Buffer, DNA and AgNO₃ were dissolved in ultrapure water and vortexed. After approximately 5 min, freshly prepared NaBH₄ was added. The reaction mixture was then again vortexed, and incubated for approximately 2 h in the dark at room temperature. Typical reagent concentrations for AgNC synthesis were as follows: 25 mM buffer, 15 µM DNA, 120 µM AgNO₃, and 120 µM NaBH₄. Where indicated, samples were then exposed to short wavelength UV light prior to characterization.

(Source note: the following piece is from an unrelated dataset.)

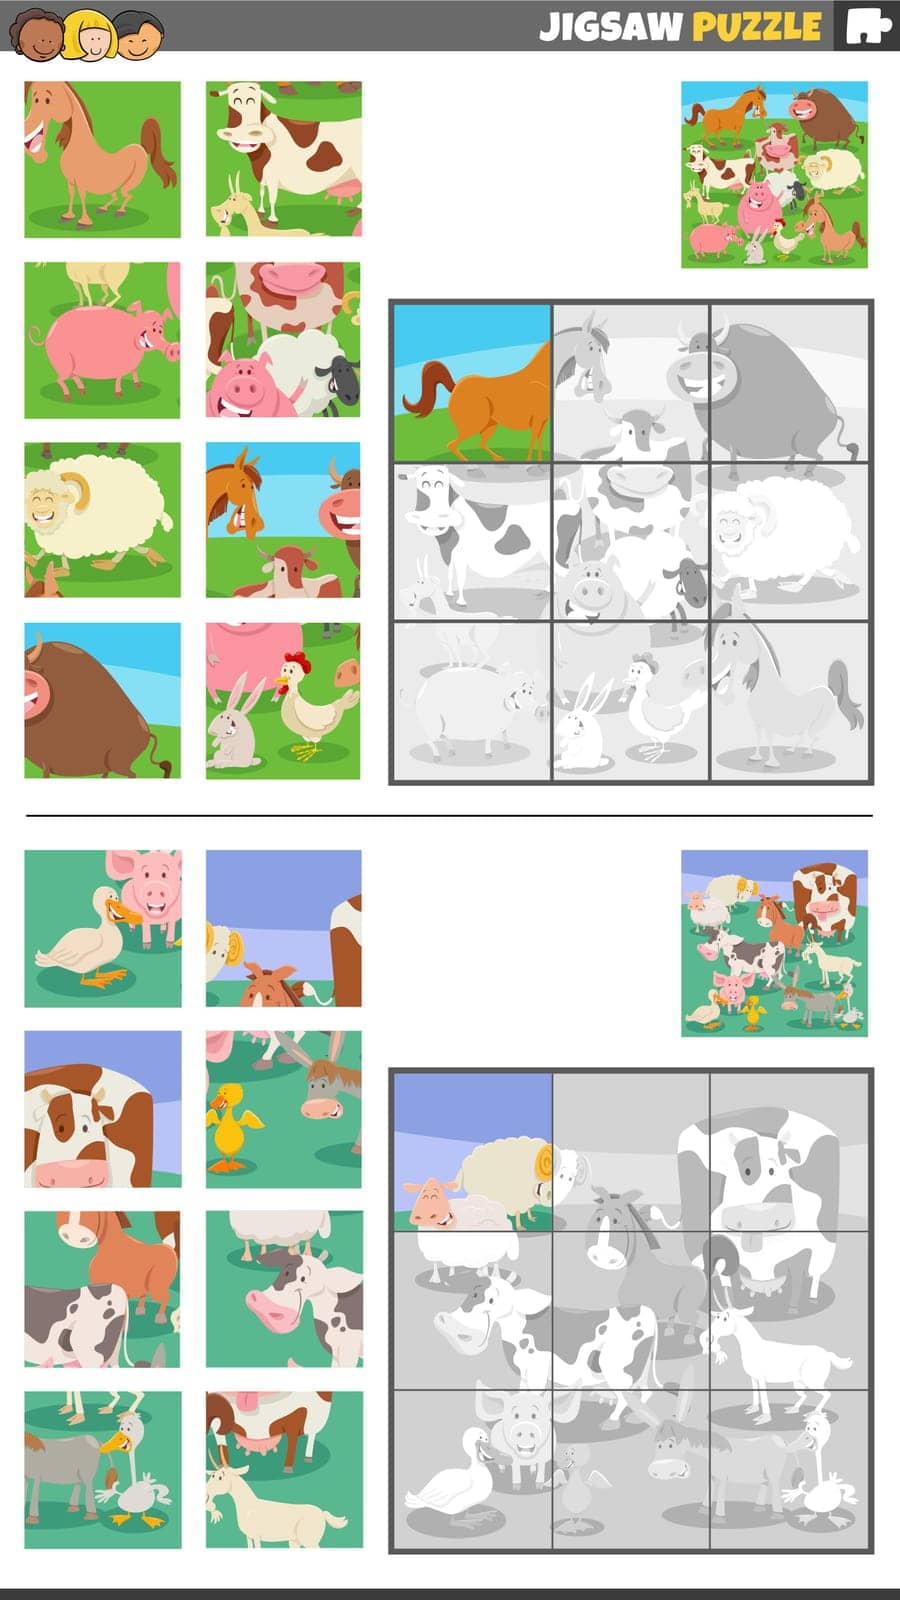 Cartoon illustration of educational jigsaw puzzle games set with farm animals characters group
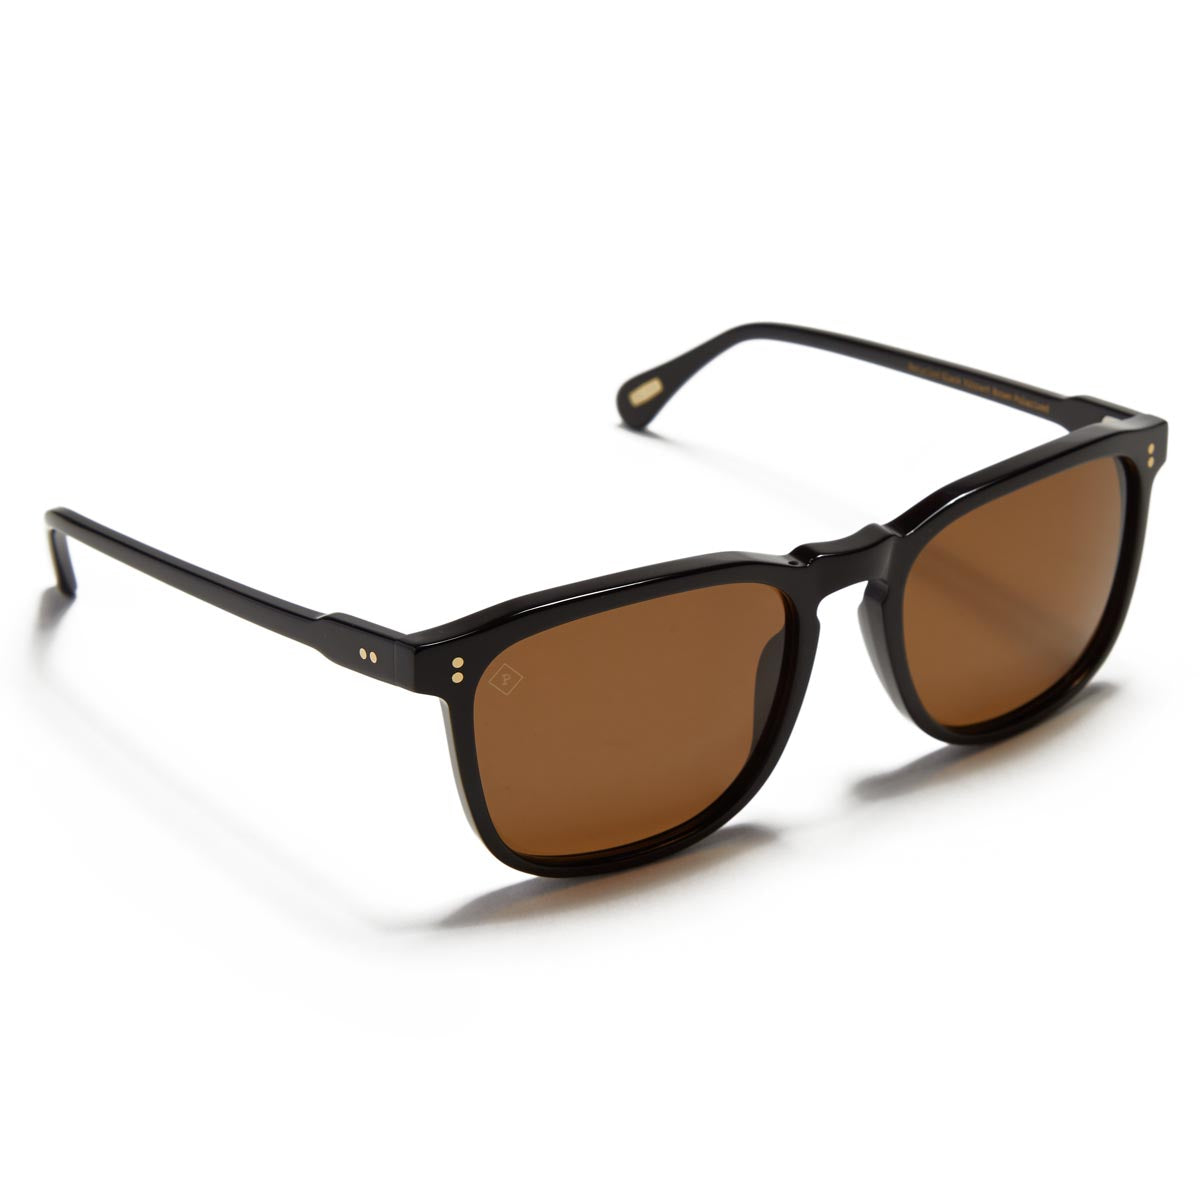 Raen Wiley 54 Sunglasses - Recycled Black/Vibrant Browm image 1

3.3. Fluorescence Spectroscopy

Visible Fluorescence. Fluorescence was assessed visually under excitation under a hand held UV lamp at 254 nm or 365 nm in a dark room and recorded using a digital camera (Canon PowerShot SD1200 IS). Samples were also observed under ambient light. Full excitation and emission spectra were typically measured without dilution using a Varian Eclipse Fluorescence Spectrophotometer (Agilent Technologies, Santa Clara, CA, USA). Emission spectra were first measured using an excitation wavelength of 300 nm. Excitation spectra were then measured for emission maxima observed, and finally, emission spectra were again recorded for the measured excitation maxima.

4. Conclusions

In this work, we have investigated the effect of PS-modified ssDNA templates in the synthesis of fluorescent gold and silver nanoclusters. While PS modification did not bring stronger emission in the synthesis of AuNCs, PS-modified T₁₅ template enabled the formation of stronger violet and yellow-orange emitters at neutral pH whereas unmodified T₁₅ had previously only produced fluorescence at high pH. The insensitivity of this emitter to base protonation and the favorability of PS modifications suggests that DNA-Ag interaction may occur through the PS backbone. However, the synthesis is not completely independent of base sequence, as strong fluorescence could not be achieved using any other templates. The present work is the first time that a poly-T template has been used successfully to template fluorescent species at neutral pH, potentially extending the use of T-rich templates for physiological conditions.